I had to find my own path while going to college. The transition to adulthood wasn’t easy. Yet, there was hope. Despite commuting two and a half hours from home and taking loads of medications during my first year at UC San Diego, I made it through.
I had a hard time managing my budget during my freshman year of college. I would go to Panda Express every day and thoroughly enjoyed eating out. Because I kept using my finances in this way, I was encouraged by my social worker to let my foster parents manage my finances while I just focused on school. I was in extended foster care at the time and still had a year left to go.
By the time I reached my sophomore year of college, I moved on campus. My foster parents took advantage of me financially with the extended foster care funds and committed fraud by keeping those checks every month while I was away at school. It was close to $10,000 in stolen funds. They were sentenced to three years of probation with special visitations from the investigators. But, they didn’t lose their license nor did they have to pay the money back. I got disconnected from them and most of the adopted siblings in the home while I was subsequently hospitalized and struggling with school. I was also academically disqualified because I was not excelling academically.
This was an extremely frustrating time for me. The only foster family I had known had kicked me to the curb. I was disillusioned, disheartened and afraid. This situation helped me to reflect on the things that the foster care system can improve on when it comes to financial hardships and academic success for foster youth.
There is a lack of accountability of foster parents being financially responsible for their youth. I had even brought up this lack of accountability and financial concern with a high-ranking individual in the Department of Child Welfare Services. They, unfortunately, gave some excuse about how that’s not their department. If the people in the system would actually hold foster parents accountable and rightfully prosecute them when they are doing wrong, that would be immensely helpful. Also, there needs to be financial restitution for the youth when they are older. It’s not enough to just have the youth learn to do a credit check and call it a day. There needs to be a holistic approach to justice when foster youth are taken advantage of financially.
We need more nonprofits creating opportunities for transitional-age youth to take financial literacy classes. It’s very important that these classes are fun, engaging and heavily incentivized with food, matched savings opportunities, and a hub of resources for the youth. There are organizations that I have been a part of that actively do this and fill in the gaps when the county won’t be able to.
In higher education, empathy and open-mindedness are vital in the network of academic support that foster youth get. That means that, if a youth is getting academically disqualified, the academic counselor needs to take into account mental health issues that make the youth struggle in different ways. We need these academic counselors to be trauma-informed so that they are equipped to support foster youth. I was fortunate enough to have a really understanding academic counselor who considered that I was hospitalized due to my mental health. I had been hospitalized six times at that point.

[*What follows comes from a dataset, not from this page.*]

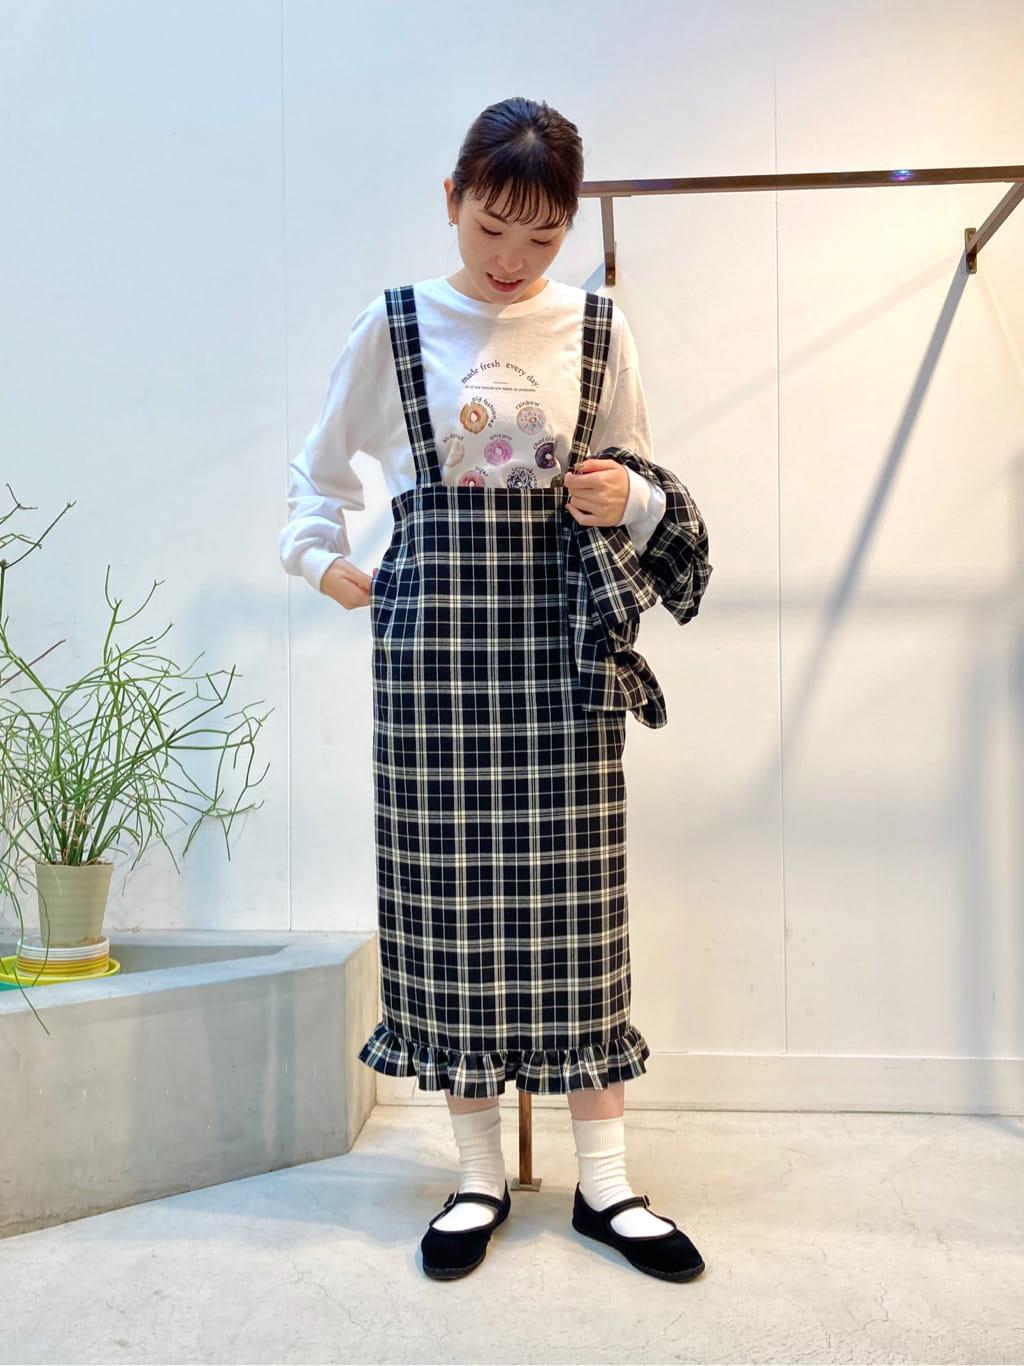 l'atelier du savon 名古屋栄路面 身長:161cm 2021.09.13
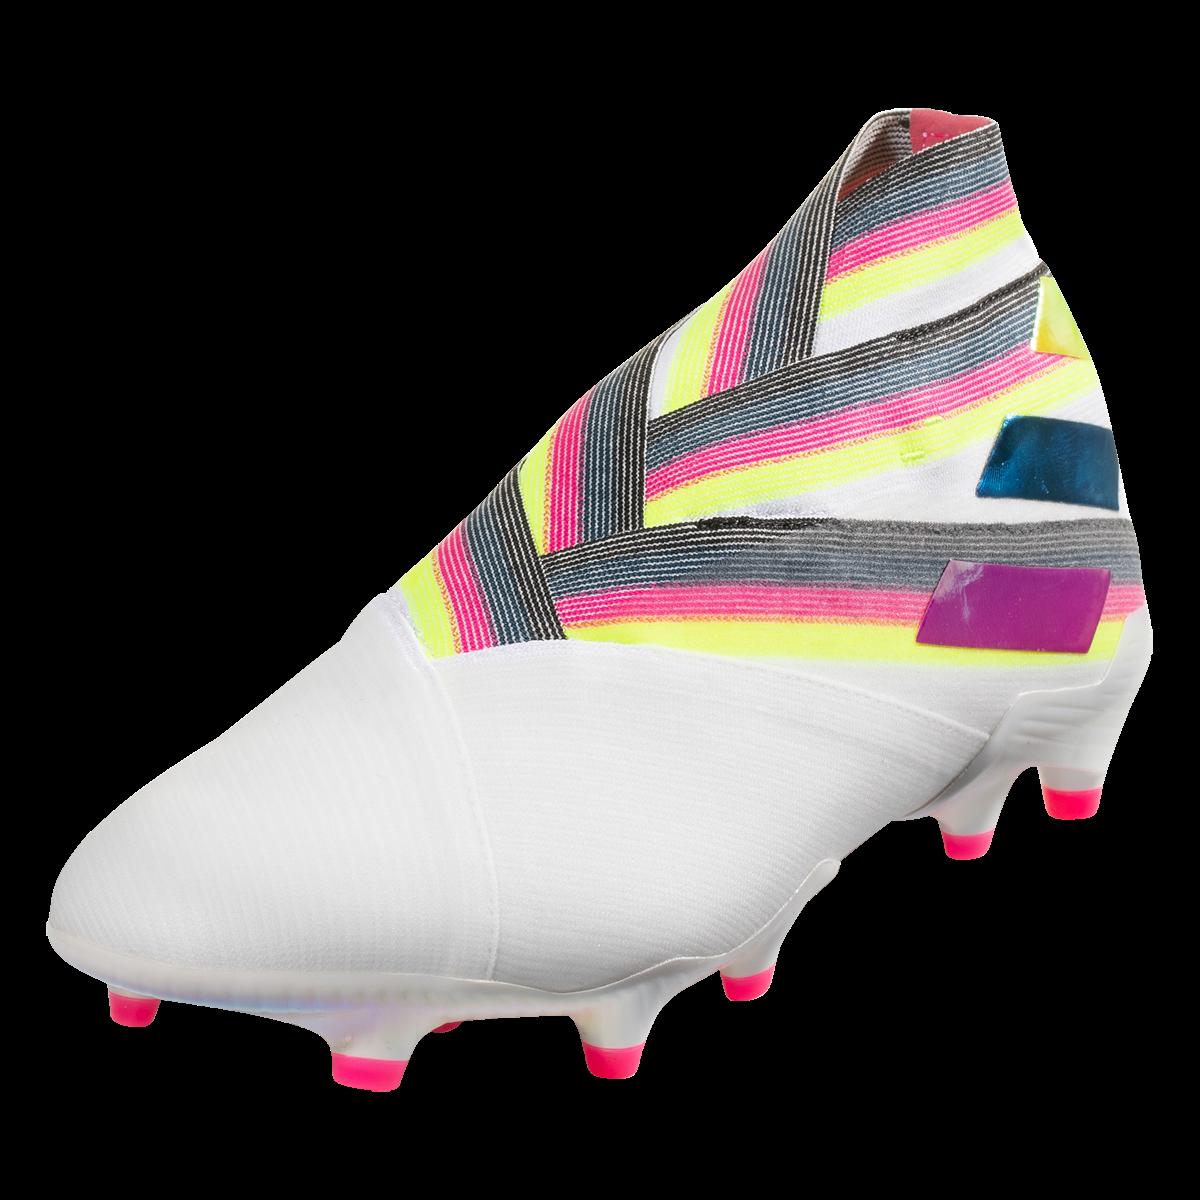 adidas Nemeziz 19+ FG ADV Soccer Cleat WhitePinkYellow

On a particular day at the hospital, an allegory formed in my mind that provided me with healing and comfort. It was a re-telling of a story about the complexities of people, like my foster parents, who had tried so hard and had shortcomings in their life which created pitfalls in mine. It was allowing me to rest in the hammock of forgiveness, despite how painful the process was. It was love that came through the likes of strangers, patients, doctors, nurses, and visitors at this hospital. I was learning to love myself, so that I could, in turn, better love others and receive love from others, too.
I was deep within the stillness of the moment, but, this time, I was finding the strength to have hope for myself and for my health. I knew, from that moment on, I would be intentional about being present. I would reconnect with my biological family. I would go back to school, change my major and graduate. I would forgive my foster parents, the only ones I had known as my family. I would carry a relationship with friends who cared about me. I would stay connected to the church that I considered my spiritual family. Most importantly, I would love the best way I knew how until I could learn to love in a greater capacity in each season God carries me through. I would learn that there is hope, despite the hardships I had faced.